Introduction: Estimation of vancomycin area under the curve (AUC) is challenging in the case of discontinuous administration. Machine learning approaches are increasingly used and can be an alternative to population pharmacokinetic (POPPK) approaches for AUC estimation. The objectives were to train XGBoost algorithms based on simulations performed in a previous POPPK study to predict vancomycin AUC from early concentrations and a few features (i.e. patient information) and to evaluate them in a real-life external dataset in comparison to POPPK.

Patients And Methods: Six thousand simulations performed from 6 different POPPK models were split into training and test sets. XGBoost algorithms were trained to predict trapezoidal rule AUC a priori or based on 2, 4 or 6 samples and were evaluated by resampling in the training set and validated in the test set. Finally, the 2-sample algorithm was externally evaluated on 28 real patients and compared to a state-of-the-art POPPK model-based averaging approach.

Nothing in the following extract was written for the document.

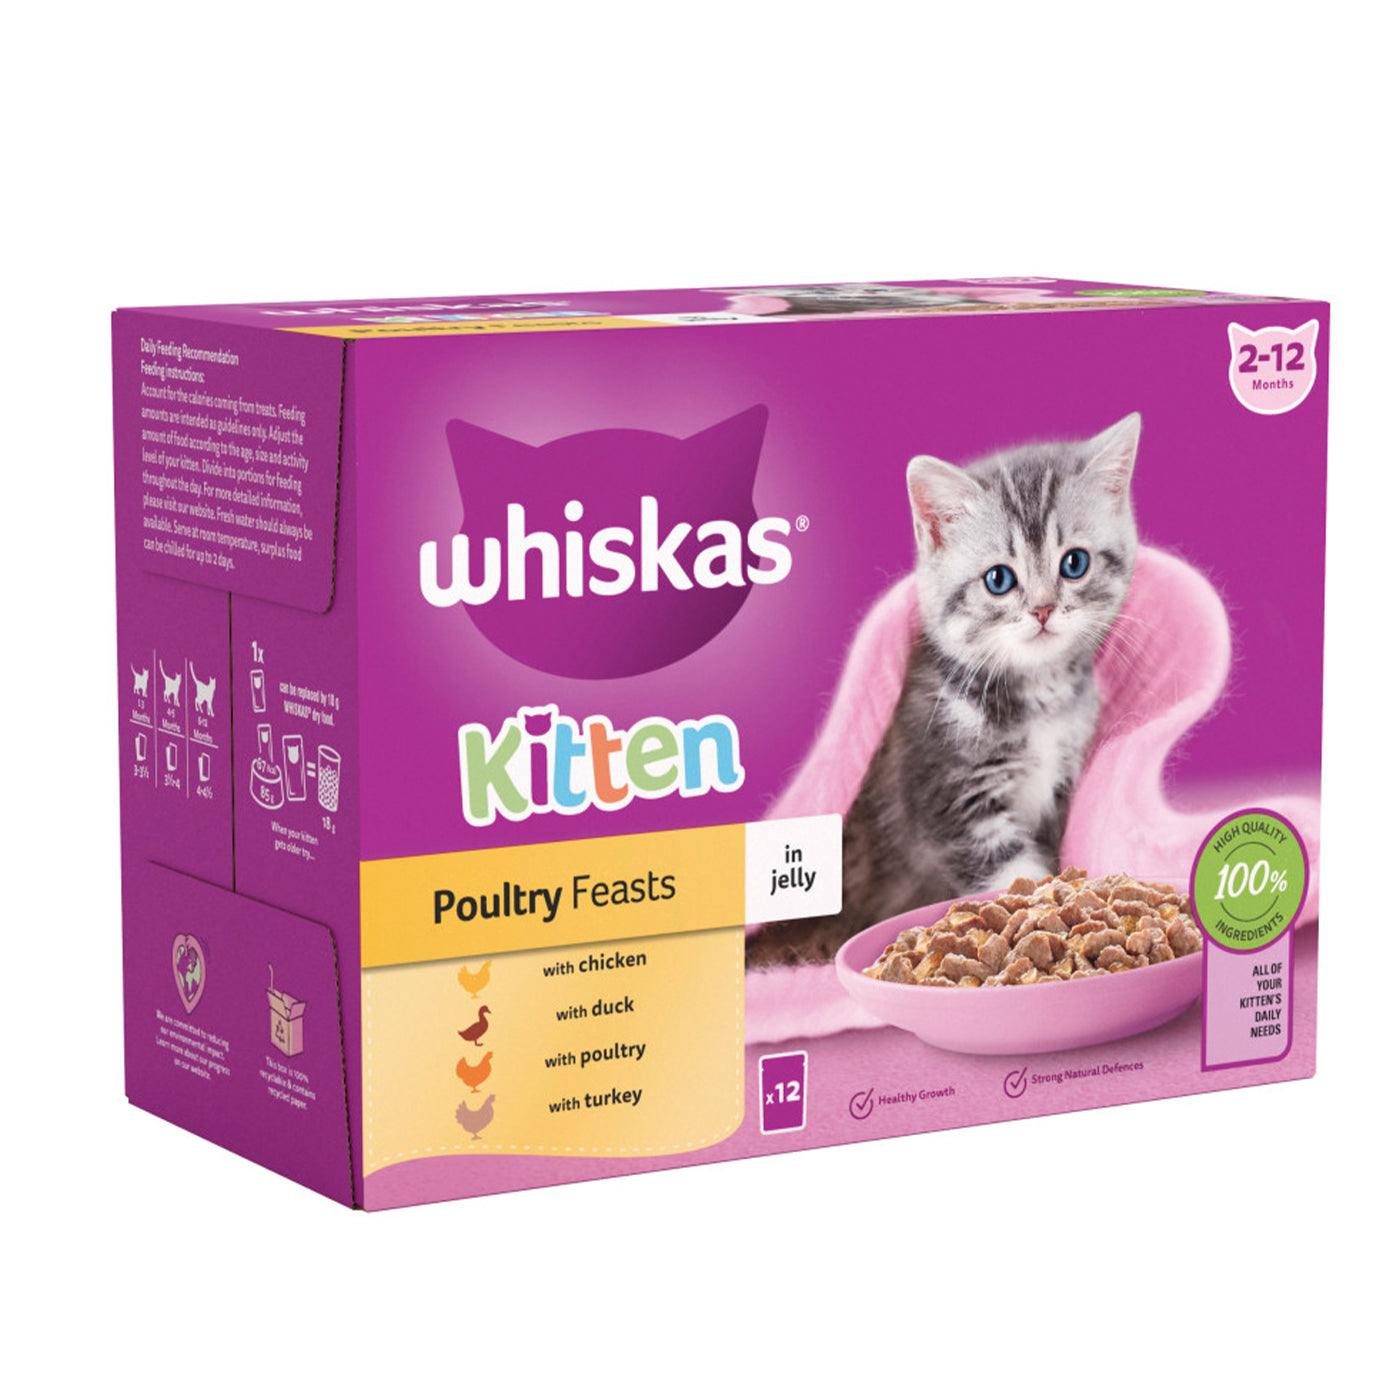 Whiskas 2-12 Months Kitten Poultry Feasts in Jelly (12x85g)

Results: The trained algorithms showed excellent performances in the test set with relative mean prediction error (MPE)/ imprecision (RMSE) of the reference AUC = 3.3/18.9, 2.8/17.4, 1.3/13.7% for the 2, 4 and 6 samples algorithms respectively. Validation in real patient showed flexibility in sampling time post-treatment initiation and excellent performances MPE/RMSE<1.5/12% for the 2 samples algorithm in comparison to different POPPK approaches.

Conclusions: The Xgboost algorithm trained from simulation and evaluated in real patients allow accurate and precise prediction of vancomycin AUC. It can be used in combination with POPPK models to increase the confidence in AUC estimation.